The Cannes Board changed the qualification standards for eligibility to participate in the Palme d’Or competition and effectively prevents Netflix from entering any movies. ITV news in the UK asked Steven Spielberg if he thought Netflix movies should be eligible for an Oscar. He said, because Netflix targets the TV screen, it should receive Emmy’s for excellence, not Oscars.

He went on to admit that the film industry has problems. He said there is too much focus on tentpole movies, like Star Wars, and not enough on smaller movies, like The Post. Many producers of smaller movies can’t get funded by Hollywood and end up going to Netflix or Amazon. He also said that the big SVOD services made very good content. However, he would not put his movies on the SVOD platforms

The idea that content providers decide which screen a viewer can see their movie on seems almost silly today. Television providers thought the same at first, but now most would agree that you let the viewer decide which screen is best for them.

Chapter 2: The audience is moving (10:20)

Millennials are migrating away from traditional media and replacing movie time with binge-viewing of shows like Game of Thrones. The BBC released data this week that shows that young people are spending more time watching Netflix than all its services. Battling anyone for supremacy in kids programming is a huge deal for the British broadcaster. It has dominated children’s television programming since its founding. It now sees that core audience slipping away.

Locally broadcaster struggling to deal with global SVOD providers is a problem I have seen in many places. For example, Danish TV and pay TV companies are struggling to keep the attention of their young people. The migration of the young’s viewing from local content providers to global VOD platforms has profound implications for a country’s cultural identity and well as financial implications.

Chapter 3: Hulu becomes hyper-customer focused (17:20)

Will attended a presentation from Hulu’s SVP of Sales Peter Naylor. Mr. Naylor explained how Hulu has become completely centered on what the customer wants. By way of example, he talked about how Hulu provides subscribers with the choice of “Limited Commercials” for $7.99/mo or “No Commercials” for $11.99/mo. Mr. Naylor reiterated that the majority take the ad-supported plan, though all value the option to be able to upgrade to ad-free.


(4) Comments

  1. I am testing Hulu right now and it is the most convoluted interface that I have ever used and so easy to get lost that I consume less TV. The value just isn’t there as far as I can see!

    • It is a great combination of TV and on-demand access, Anthony. If you persist with it you’ll find it easier to understand. It took me a while.

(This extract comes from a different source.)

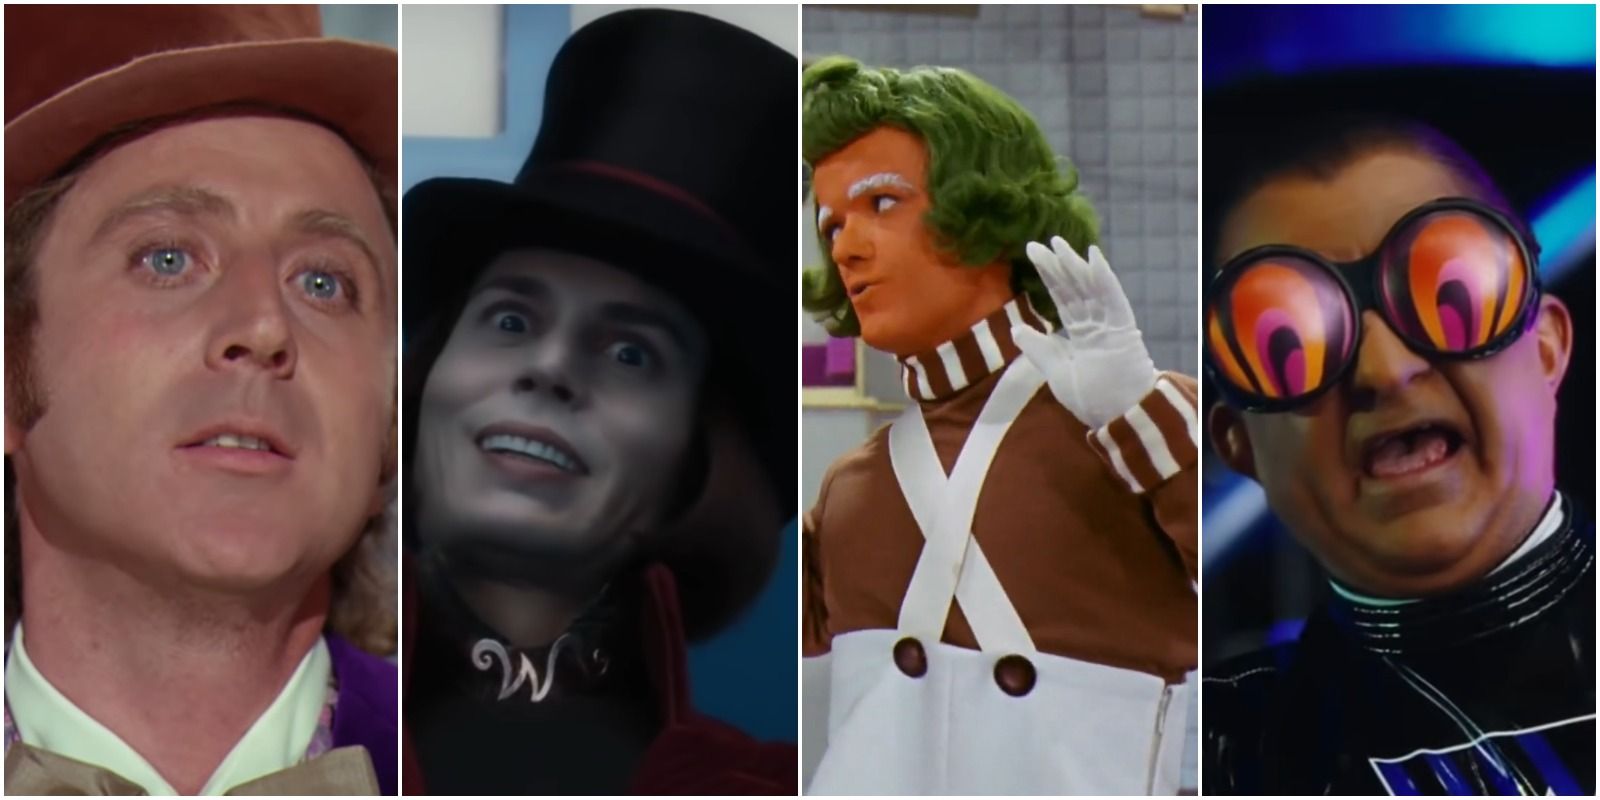 willy wonka and the chocolate factory album artist

  2. We subscribed to Hulu when it was first released and haven’t looked back. Their interface can certainly seem a bit confusing at first, but I’ve seen them make changes to adapt to their customers’ requests and comments. I think that they are really trying to re-think how we watch TV by trying to be as responsive as possible to their customers. We also used Vue and DirecTV Now for a while and both seemed like they were trying emulate a cable box. It has taken some adjusting, but we now wonder how we could ever go back.

    • One of the things Mr. Naylor said was that Hulu Live subs mostly watch on-demand. That is, they either record and watch shows later or watch the show from the Hulu library. He also said that most people do not pay for the ad-free option. I do pay for it and wouldn’t be without it. Do you, Tom?